Task goal. Show every line from the data below that includes "with".
━━━━━━━━━━
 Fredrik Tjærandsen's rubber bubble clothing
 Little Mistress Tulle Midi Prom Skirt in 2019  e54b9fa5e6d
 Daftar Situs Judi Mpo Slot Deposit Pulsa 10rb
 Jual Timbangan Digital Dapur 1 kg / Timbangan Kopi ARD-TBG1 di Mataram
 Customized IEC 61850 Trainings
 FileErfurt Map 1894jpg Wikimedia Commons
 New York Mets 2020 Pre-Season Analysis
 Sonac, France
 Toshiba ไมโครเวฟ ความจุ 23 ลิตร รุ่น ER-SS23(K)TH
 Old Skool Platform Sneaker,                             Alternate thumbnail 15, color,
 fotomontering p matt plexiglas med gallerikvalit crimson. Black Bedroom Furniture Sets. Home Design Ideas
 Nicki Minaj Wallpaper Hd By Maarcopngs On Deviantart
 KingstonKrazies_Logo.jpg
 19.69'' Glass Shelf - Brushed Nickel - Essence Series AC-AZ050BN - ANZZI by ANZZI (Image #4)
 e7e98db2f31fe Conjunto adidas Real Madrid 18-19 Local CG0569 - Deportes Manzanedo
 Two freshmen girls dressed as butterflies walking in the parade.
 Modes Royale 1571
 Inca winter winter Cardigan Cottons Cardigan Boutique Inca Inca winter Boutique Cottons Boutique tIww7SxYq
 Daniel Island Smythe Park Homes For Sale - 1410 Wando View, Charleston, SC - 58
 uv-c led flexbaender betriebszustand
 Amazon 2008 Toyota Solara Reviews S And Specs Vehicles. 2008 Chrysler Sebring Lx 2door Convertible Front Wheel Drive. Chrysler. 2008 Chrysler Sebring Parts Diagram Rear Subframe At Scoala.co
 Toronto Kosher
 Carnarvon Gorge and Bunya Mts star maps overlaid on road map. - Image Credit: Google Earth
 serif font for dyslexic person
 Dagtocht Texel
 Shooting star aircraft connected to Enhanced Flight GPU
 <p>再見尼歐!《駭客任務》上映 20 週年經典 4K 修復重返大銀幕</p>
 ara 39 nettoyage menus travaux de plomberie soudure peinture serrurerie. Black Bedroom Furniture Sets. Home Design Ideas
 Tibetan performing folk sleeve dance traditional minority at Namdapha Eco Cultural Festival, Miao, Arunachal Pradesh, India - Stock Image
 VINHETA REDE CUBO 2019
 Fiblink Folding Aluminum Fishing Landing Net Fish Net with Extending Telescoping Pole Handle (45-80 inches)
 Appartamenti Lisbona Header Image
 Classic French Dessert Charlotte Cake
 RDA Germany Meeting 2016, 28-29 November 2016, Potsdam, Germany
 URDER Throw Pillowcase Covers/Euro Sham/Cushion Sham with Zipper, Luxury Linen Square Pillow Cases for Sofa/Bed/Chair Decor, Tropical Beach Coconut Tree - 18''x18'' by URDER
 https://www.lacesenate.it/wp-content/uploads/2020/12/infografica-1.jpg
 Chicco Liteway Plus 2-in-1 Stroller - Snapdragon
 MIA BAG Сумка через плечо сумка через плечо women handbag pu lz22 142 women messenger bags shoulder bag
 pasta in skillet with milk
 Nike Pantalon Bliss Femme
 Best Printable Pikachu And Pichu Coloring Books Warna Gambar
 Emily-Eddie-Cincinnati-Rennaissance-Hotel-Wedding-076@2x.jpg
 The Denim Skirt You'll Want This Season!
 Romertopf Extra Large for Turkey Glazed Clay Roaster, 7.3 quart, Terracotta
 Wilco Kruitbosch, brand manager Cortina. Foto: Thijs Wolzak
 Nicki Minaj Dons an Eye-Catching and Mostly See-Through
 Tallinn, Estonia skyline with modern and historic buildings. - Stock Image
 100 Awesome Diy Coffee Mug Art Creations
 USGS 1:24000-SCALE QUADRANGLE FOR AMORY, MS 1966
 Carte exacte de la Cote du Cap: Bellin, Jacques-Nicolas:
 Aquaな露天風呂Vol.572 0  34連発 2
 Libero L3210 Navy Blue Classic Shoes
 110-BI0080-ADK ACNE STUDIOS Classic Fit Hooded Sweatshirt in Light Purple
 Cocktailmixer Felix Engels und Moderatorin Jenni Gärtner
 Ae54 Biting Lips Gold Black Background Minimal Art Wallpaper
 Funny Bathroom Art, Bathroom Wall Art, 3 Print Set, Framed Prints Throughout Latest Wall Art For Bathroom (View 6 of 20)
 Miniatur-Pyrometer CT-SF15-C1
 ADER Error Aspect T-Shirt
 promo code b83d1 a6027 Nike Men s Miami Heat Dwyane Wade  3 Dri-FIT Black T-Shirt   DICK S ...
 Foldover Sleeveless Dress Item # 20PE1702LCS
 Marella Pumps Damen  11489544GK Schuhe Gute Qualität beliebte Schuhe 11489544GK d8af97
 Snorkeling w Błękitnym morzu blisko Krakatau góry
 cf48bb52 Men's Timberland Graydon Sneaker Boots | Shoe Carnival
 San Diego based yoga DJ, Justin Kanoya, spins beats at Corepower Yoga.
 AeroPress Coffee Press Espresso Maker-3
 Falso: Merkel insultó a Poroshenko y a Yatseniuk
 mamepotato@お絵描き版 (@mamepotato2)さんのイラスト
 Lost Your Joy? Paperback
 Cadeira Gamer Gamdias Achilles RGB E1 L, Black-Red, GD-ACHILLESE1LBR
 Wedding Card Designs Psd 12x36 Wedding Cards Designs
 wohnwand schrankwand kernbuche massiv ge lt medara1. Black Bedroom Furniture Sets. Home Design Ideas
━━━━━━━━━━
Result.
 Fiblink Folding Aluminum Fishing Landing Net Fish Net with Extending Telescoping Pole Handle (45-80 inches)
 URDER Throw Pillowcase Covers/Euro Sham/Cushion Sham with Zipper, Luxury Linen Square Pillow Cases for Sofa/Bed/Chair Decor, Tropical Beach Coconut Tree - 18''x18'' by URDER
 pasta in skillet with milk
 Tallinn, Estonia skyline with modern and historic buildings. - Stock Image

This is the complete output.